> **Directions for this task**:
Line by line, give the data again exactly as it appears, but without pictures.

> **Information supplied**:
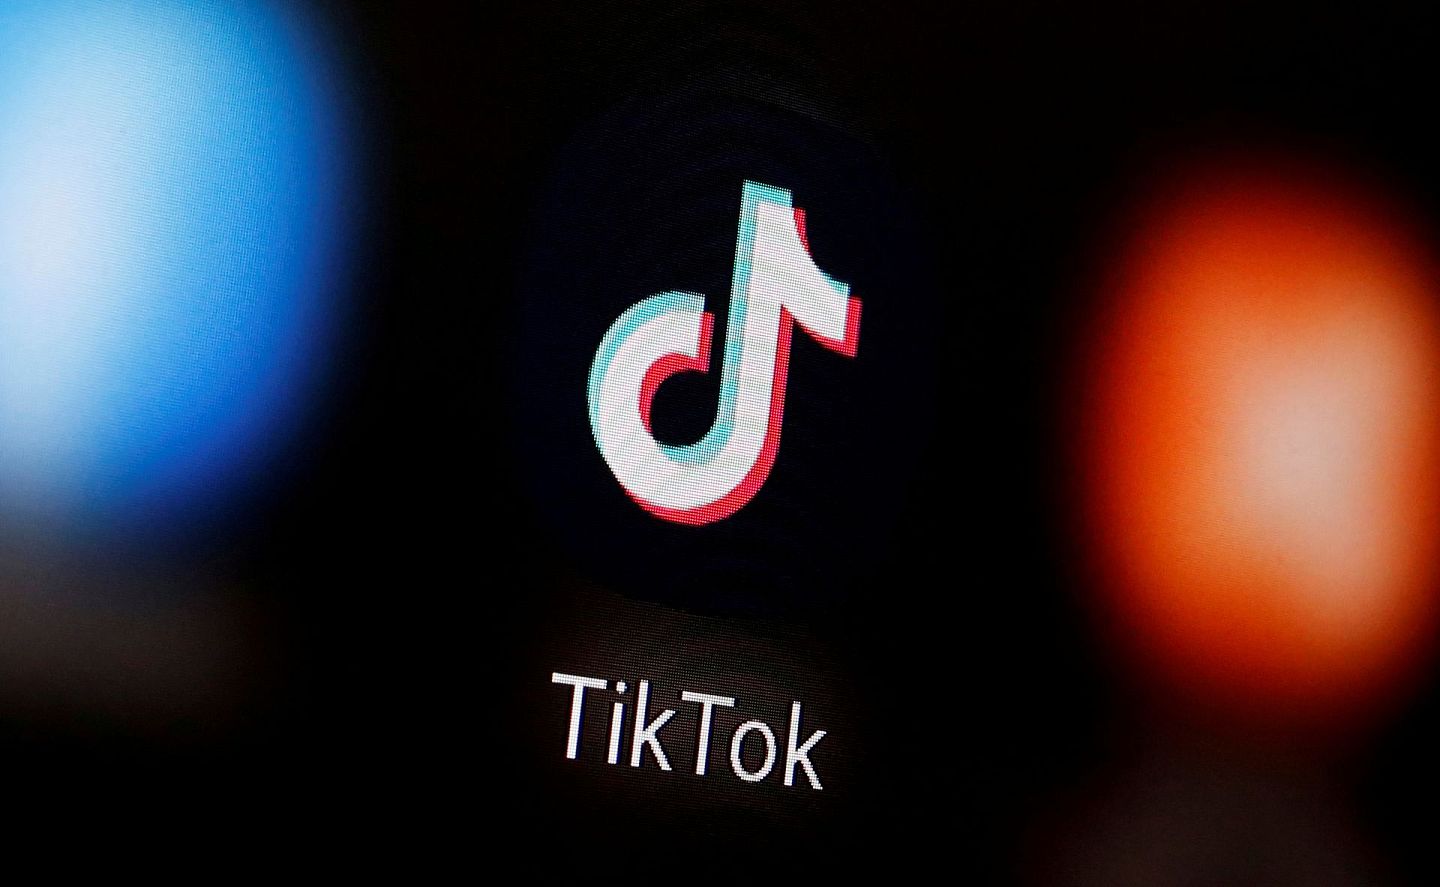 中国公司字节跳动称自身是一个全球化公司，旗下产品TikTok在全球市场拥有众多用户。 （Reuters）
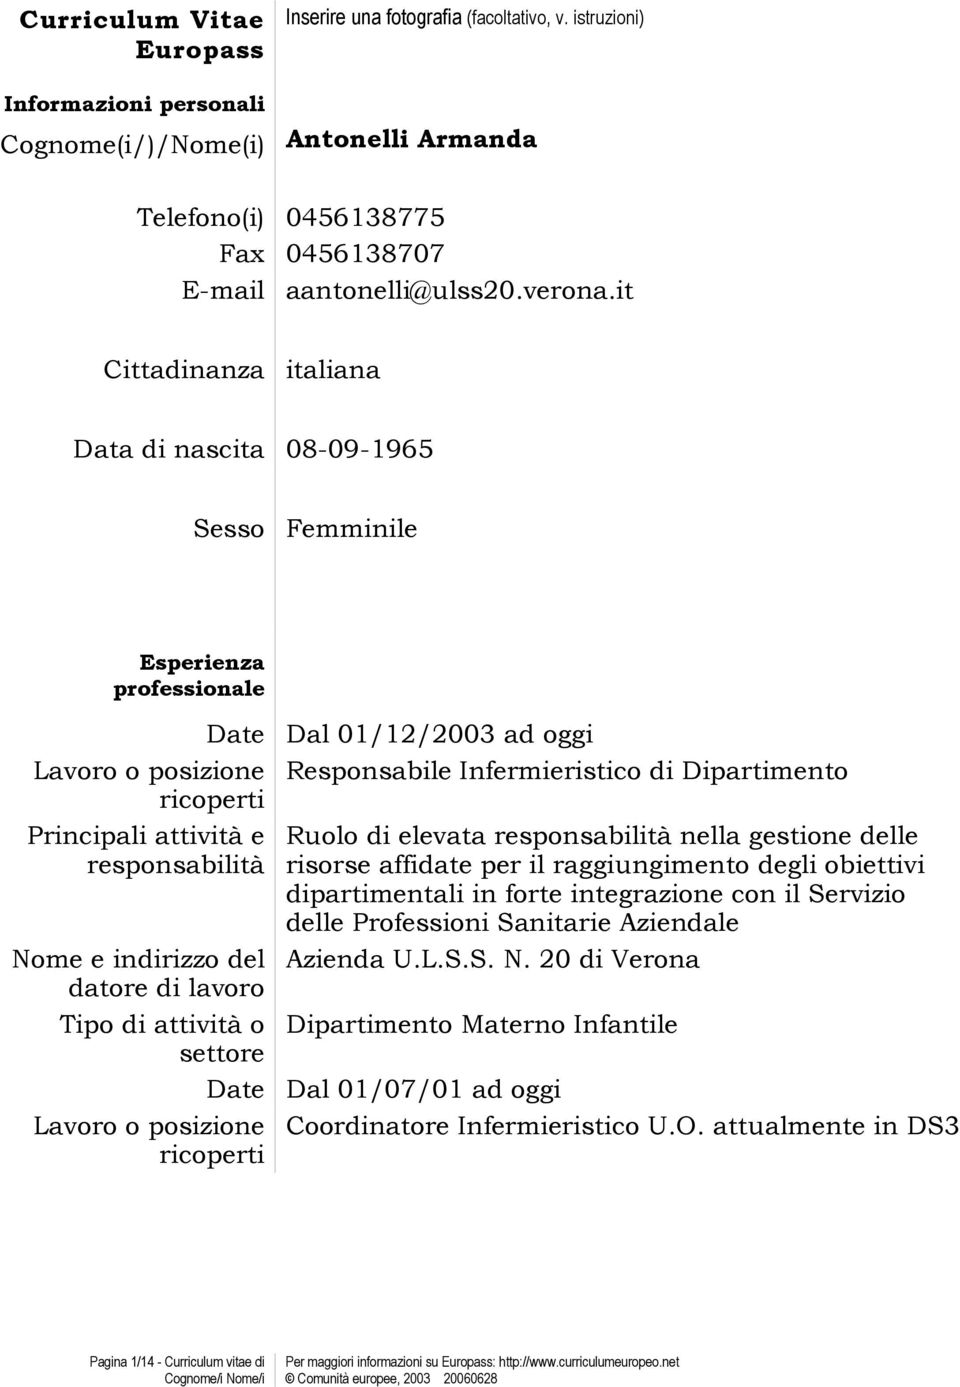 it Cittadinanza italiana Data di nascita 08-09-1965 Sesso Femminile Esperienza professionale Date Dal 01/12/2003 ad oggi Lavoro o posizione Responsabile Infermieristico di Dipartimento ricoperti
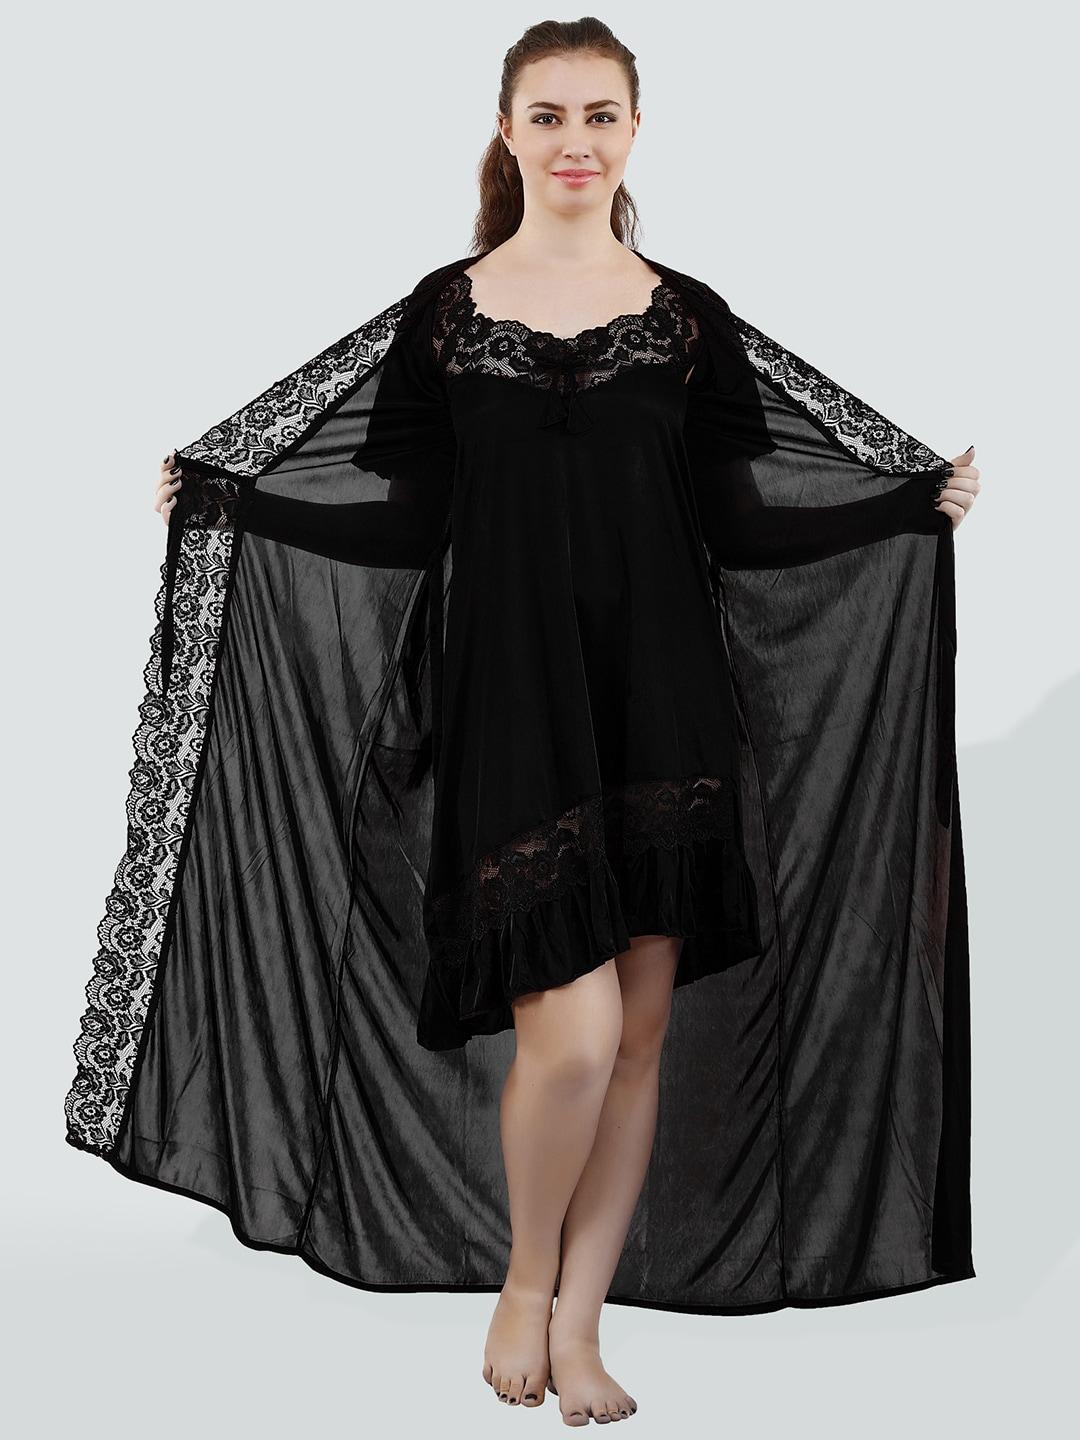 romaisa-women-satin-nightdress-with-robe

> **Response below**:
 中国公司字节跳动称自身是一个全球化公司，旗下产品TikTok在全球市场拥有众多用户。 （Reuters）
 it Cittadinanza italiana Data di nascita 08-09-1965 Sesso Femminile Esperienza professionale Date Dal 01/12/2003 ad oggi Lavoro o posizione Responsabile Infermieristico di Dipartimento ricoperti
 romaisa-women-satin-nightdress-with-robe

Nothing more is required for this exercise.